Well, we now have certainty.  While this doesn’t meet a common definition of a recession, (there’s no official designation but 2 consecutive quarters of zero or negative growth is accepted by many) there’s some other news which makes me believe we are in a recession now.   Orders for durable goods collapsed a full 13%.  Shipments of manufactured durable goods in August, down two of the last three months, decreased  3.0 percent.  Unfilled orders for manufactured durable goods in August, down 1.7 percent.  Inventories of manufactured durable goods in August, up thirty-one of the last thirty-two months, increased 0.6 percent.  Nondefense new orders for capital goods in August decreased 24.3 percent.  Well, the news for capital goods were essentially the same as for durable goods.

My thoughts……. 

What does this tell us?  Inventories have increased every month except on for nearly 3 years.  But, demand for our goods have dropped “off a cliff”.  We are told jobless claims were lower than expected at 359,000.  That’s a lie.  Expect it to be revised upward sometime soon.  Demand for goods doesn’t drop off a cliff and employers hire more people.  It simply doesn’t ever happen that way.  Especially when inventories have increased. 

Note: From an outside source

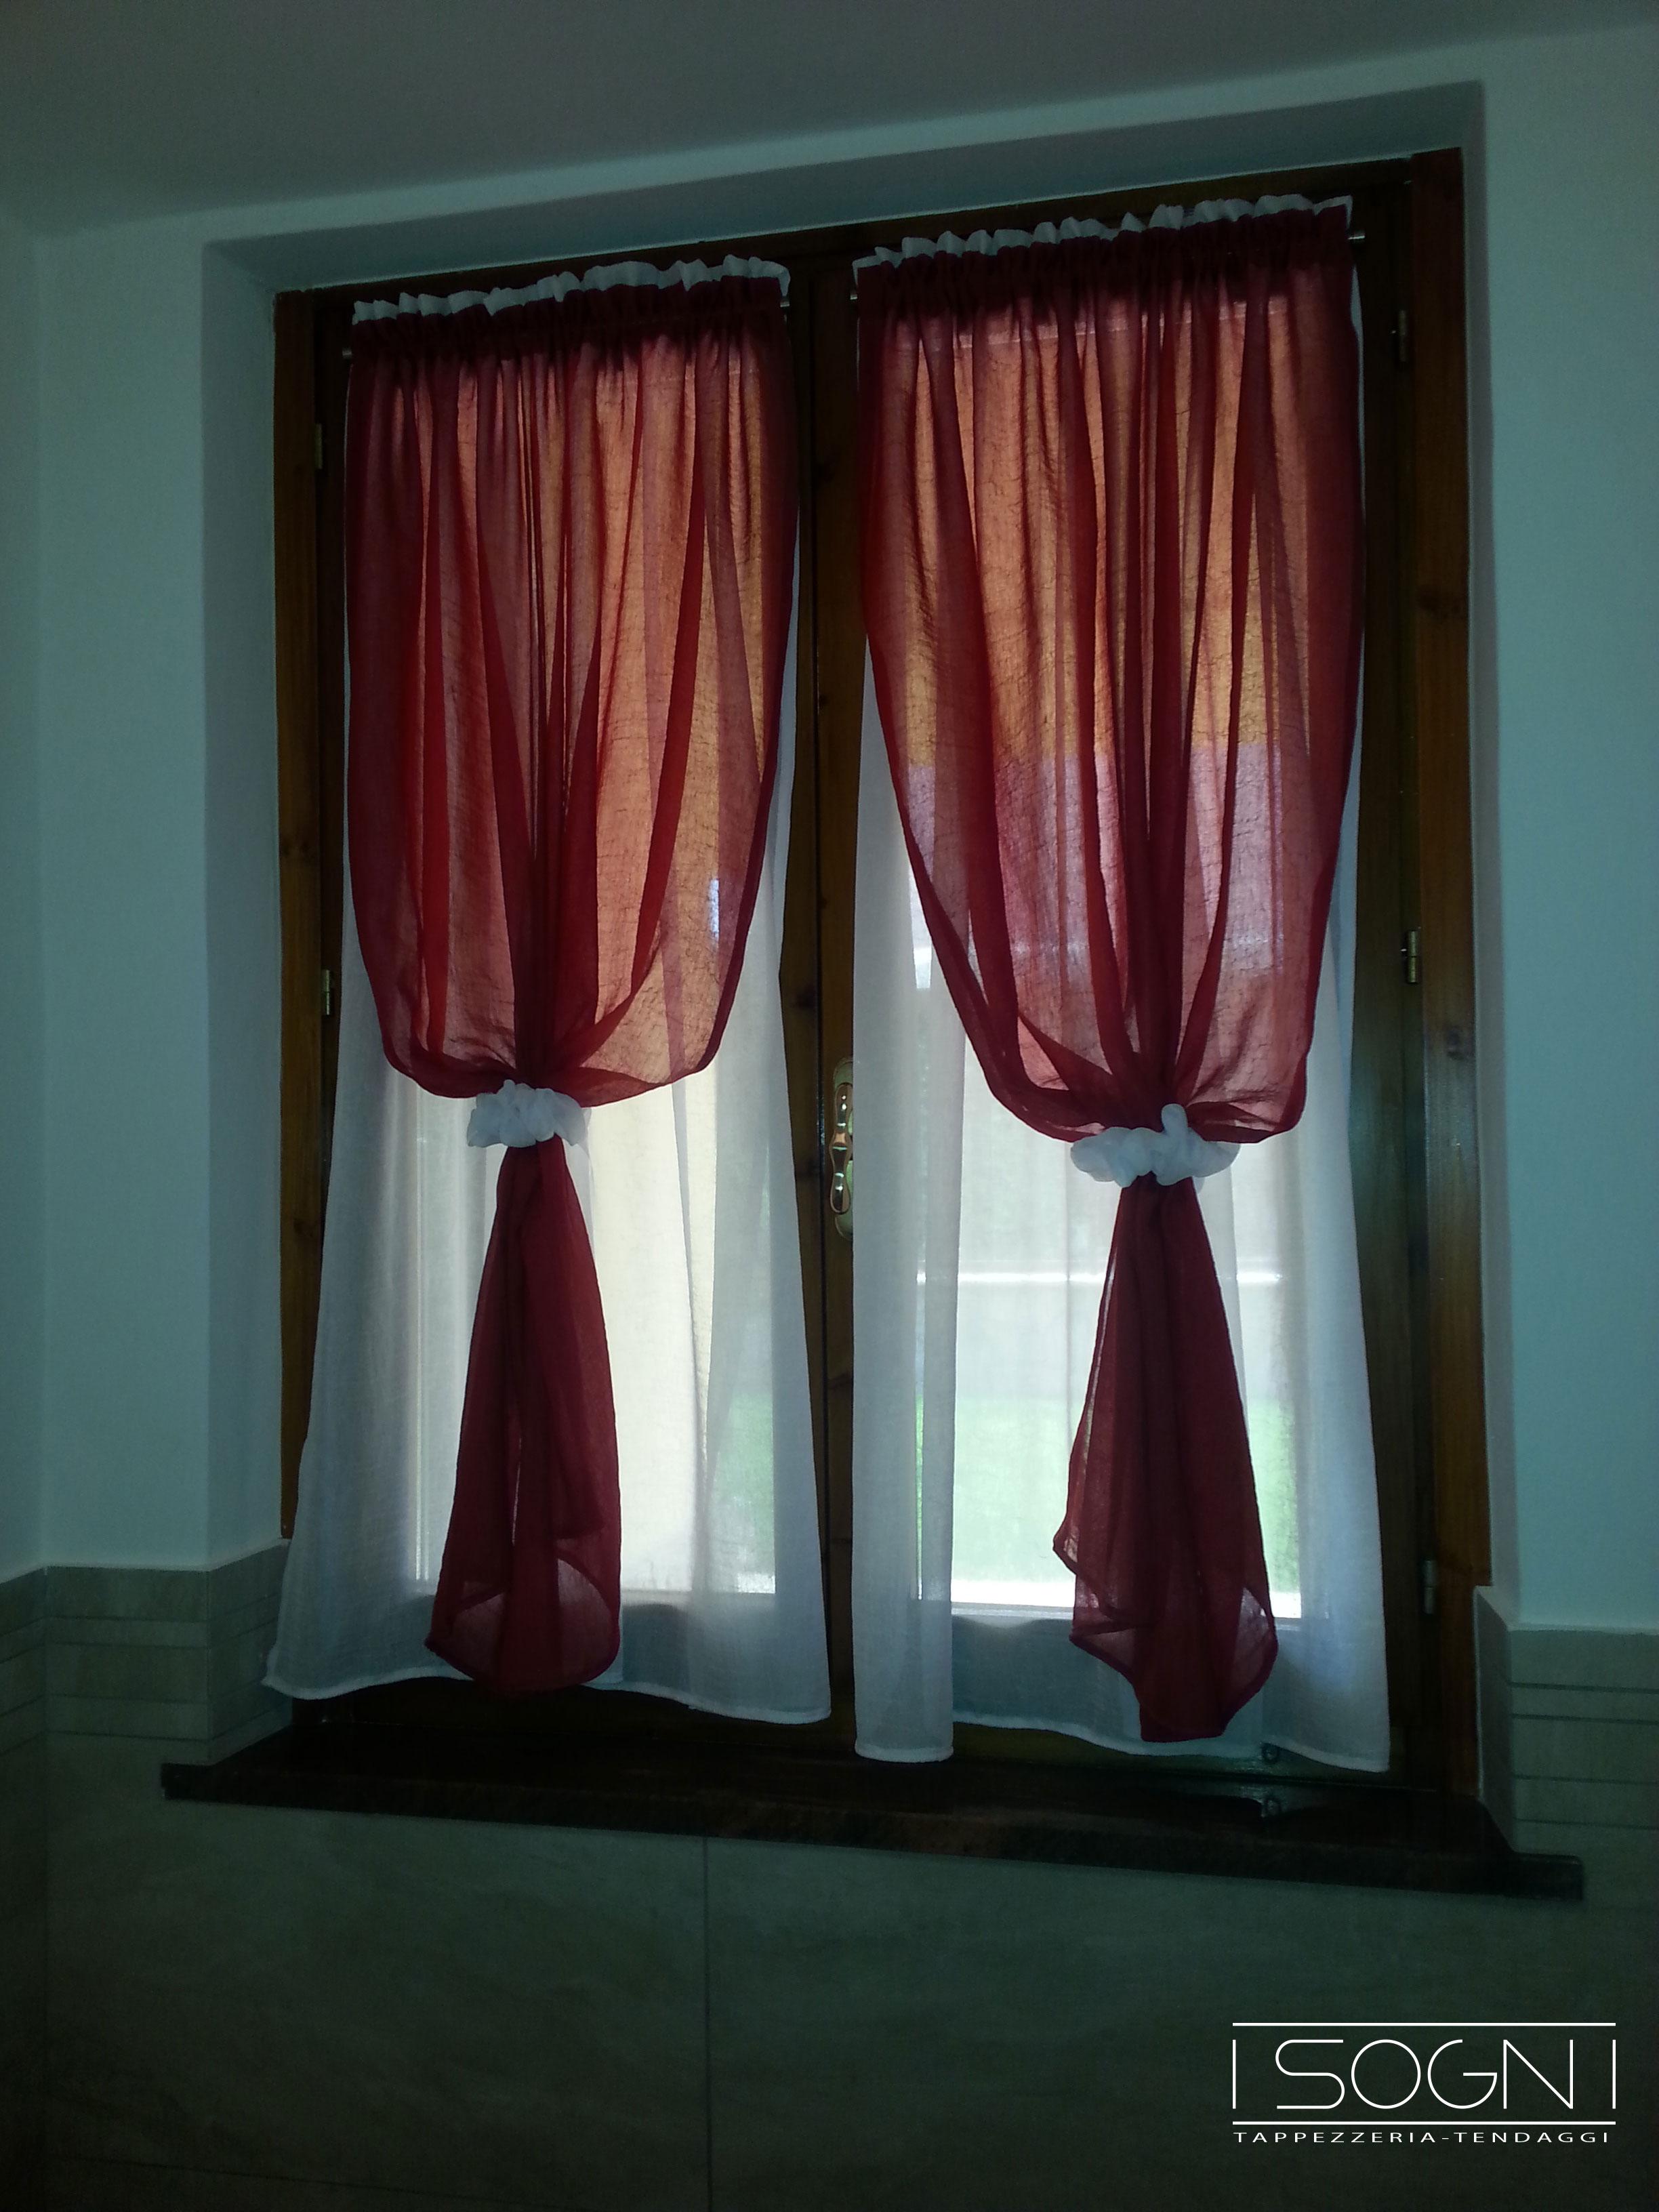 13 tende verona tendaggi verona tende per la casa verona tende a vetro verona tende design - Tende classiche per bagno ...

Those were my thoughts.  After writing that I went to see what other people were saying about this news. 

Mike “Mish” Shedlock ……..  I am very comfortable with pegging of the start of the recession in June and I expect more downward revisions in GDP and employment are on the way.

Lakshman Achuthan, CEO of ECRI(Economic Cycle Research Institute) says the US recession started in June.

I’ve already shown readers the workforce performance of late…..


Bolt your shorts on, this is going to get ugly.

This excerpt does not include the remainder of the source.